Julio Fuller

Personal information
- Full name: Julio Alfonso Fuller McKenzie
- Date of birth: 6 July 1956
- Place of birth: Limón, Costa Rica
- Date of death: 21 February 2019 (aged 62)
- Position(s): Defender

Youth career
- Estrella Roja

Senior career*
- Years: Team / Apps / (Gls)
- 1974–1979: Limonense
- 1980–1982: Cartaginés
- 1983–1995: Limonense
- Total:  / 684 / (25)

International career
- 1980: Costa Rica / 3 / (0)

= Julio Fuller =

Costa Rican footballer (1956–2019)

Julio Alfonso Fuller McKenzie (6 July 1956 – 21 February 2019) was a Costa Rican football defender who played 20 seasons in the Costa Rican Primera División.

==Club career==
Born in Limón, Fuller began playing football in the youth team of local club Estrella Roja. In 1974, he joined Limonense, immediately helping the club reach the Primera División. Fuller played as a central defender for Limón from 1975 to 1979, and after a spell with Cartaginés, again from 1983 to 1995. He made his Primera debut against Herediano on 11 May 1975, and played his last Primera match against Alajuelense on 9 April 1995.

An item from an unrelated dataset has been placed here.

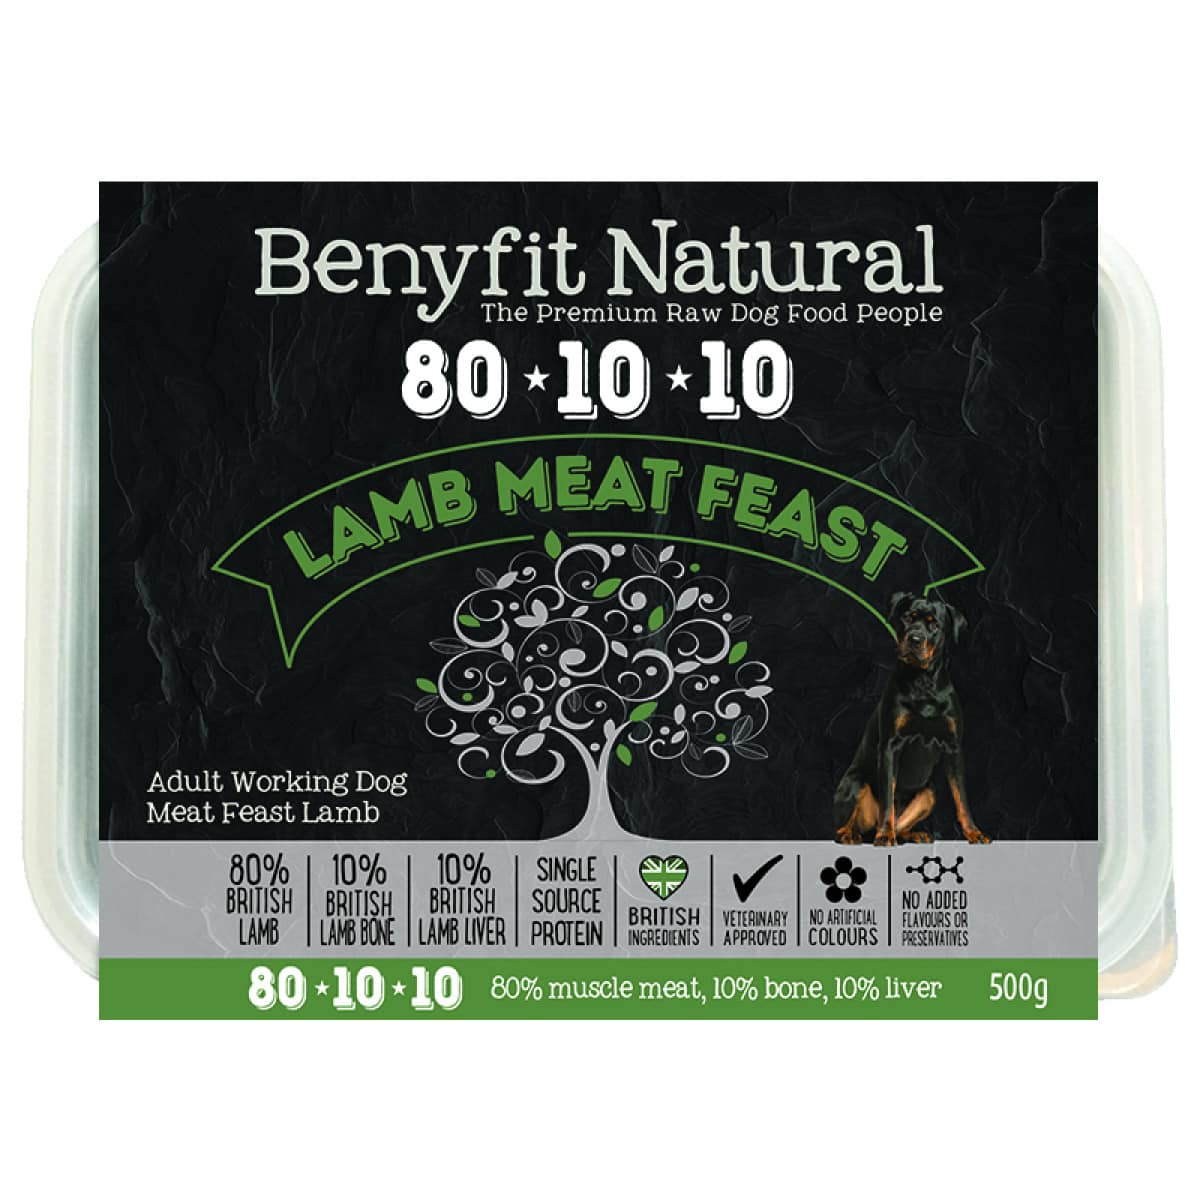 Benyfit Natural 80/10/10 - Lamb Meat Feast 500g Main Image

Fuller held the record as the most-capped player in the Primera División with 684 appearances until Marvin Obando surpassed his record in 2000.

==International career==
Fuller made three appearances for the Costa Rica national football team during the 1982 FIFA World Cup qualifiers.

==Personal life==
Fuller was a widower and had 4 children.